Aim of the task →
Your task is to return the data below, word for word.

Listed records →
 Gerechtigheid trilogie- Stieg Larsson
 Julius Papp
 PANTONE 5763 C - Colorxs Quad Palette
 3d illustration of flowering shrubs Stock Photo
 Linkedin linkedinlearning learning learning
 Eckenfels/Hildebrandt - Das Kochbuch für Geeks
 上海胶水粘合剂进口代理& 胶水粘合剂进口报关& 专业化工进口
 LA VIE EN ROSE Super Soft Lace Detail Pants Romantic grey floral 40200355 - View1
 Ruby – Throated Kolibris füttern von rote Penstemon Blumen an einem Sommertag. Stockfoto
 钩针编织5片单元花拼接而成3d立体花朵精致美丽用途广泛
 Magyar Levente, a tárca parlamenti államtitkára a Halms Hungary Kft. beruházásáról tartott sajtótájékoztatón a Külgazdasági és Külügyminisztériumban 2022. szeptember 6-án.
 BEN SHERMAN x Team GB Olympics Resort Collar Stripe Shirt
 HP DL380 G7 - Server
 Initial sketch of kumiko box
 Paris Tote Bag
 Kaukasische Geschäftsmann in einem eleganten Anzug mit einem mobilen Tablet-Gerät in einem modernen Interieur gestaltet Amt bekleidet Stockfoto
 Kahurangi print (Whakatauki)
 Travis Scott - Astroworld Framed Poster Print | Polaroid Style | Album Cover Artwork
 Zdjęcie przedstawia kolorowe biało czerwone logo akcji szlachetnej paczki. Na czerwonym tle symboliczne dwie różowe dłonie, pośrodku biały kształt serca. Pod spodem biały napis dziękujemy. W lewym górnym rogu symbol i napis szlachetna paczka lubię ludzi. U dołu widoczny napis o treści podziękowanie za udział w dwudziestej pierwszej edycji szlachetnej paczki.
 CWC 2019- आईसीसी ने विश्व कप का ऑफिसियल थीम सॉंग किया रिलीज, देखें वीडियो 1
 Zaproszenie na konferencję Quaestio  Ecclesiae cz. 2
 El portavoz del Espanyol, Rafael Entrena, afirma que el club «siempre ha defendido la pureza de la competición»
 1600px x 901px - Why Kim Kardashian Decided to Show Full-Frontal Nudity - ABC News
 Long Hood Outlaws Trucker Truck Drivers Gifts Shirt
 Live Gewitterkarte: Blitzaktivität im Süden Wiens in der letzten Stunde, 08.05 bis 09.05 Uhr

Problem solution →
 Gerechtigheid trilogie- Stieg Larsson
 Julius Papp
 PANTONE 5763 C - Colorxs Quad Palette
 3d illustration of flowering shrubs Stock Photo
 Linkedin linkedinlearning learning learning
 Eckenfels/Hildebrandt - Das Kochbuch für Geeks
 上海胶水粘合剂进口代理& 胶水粘合剂进口报关& 专业化工进口
 LA VIE EN ROSE Super Soft Lace Detail Pants Romantic grey floral 40200355 - View1
 Ruby – Throated Kolibris füttern von rote Penstemon Blumen an einem Sommertag. Stockfoto
 钩针编织5片单元花拼接而成3d立体花朵精致美丽用途广泛
 Magyar Levente, a tárca parlamenti államtitkára a Halms Hungary Kft. beruházásáról tartott sajtótájékoztatón a Külgazdasági és Külügyminisztériumban 2022. szeptember 6-án.
 BEN SHERMAN x Team GB Olympics Resort Collar Stripe Shirt
 HP DL380 G7 - Server
 Initial sketch of kumiko box
 Paris Tote Bag
 Kaukasische Geschäftsmann in einem eleganten Anzug mit einem mobilen Tablet-Gerät in einem modernen Interieur gestaltet Amt bekleidet Stockfoto
 Kahurangi print (Whakatauki)
 Travis Scott - Astroworld Framed Poster Print | Polaroid Style | Album Cover Artwork
 Zdjęcie przedstawia kolorowe biało czerwone logo akcji szlachetnej paczki. Na czerwonym tle symboliczne dwie różowe dłonie, pośrodku biały kształt serca. Pod spodem biały napis dziękujemy. W lewym górnym rogu symbol i napis szlachetna paczka lubię ludzi. U dołu widoczny napis o treści podziękowanie za udział w dwudziestej pierwszej edycji szlachetnej paczki.
 CWC 2019- आईसीसी ने विश्व कप का ऑफिसियल थीम सॉंग किया रिलीज, देखें वीडियो 1
 Zaproszenie na konferencję Quaestio  Ecclesiae cz. 2
 El portavoz del Espanyol, Rafael Entrena, afirma que el club «siempre ha defendido la pureza de la competición»
 1600px x 901px - Why Kim Kardashian Decided to Show Full-Frontal Nudity - ABC News
 Long Hood Outlaws Trucker Truck Drivers Gifts Shirt
 Live Gewitterkarte: Blitzaktivität im Süden Wiens in der letzten Stunde, 08.05 bis 09.05 Uhr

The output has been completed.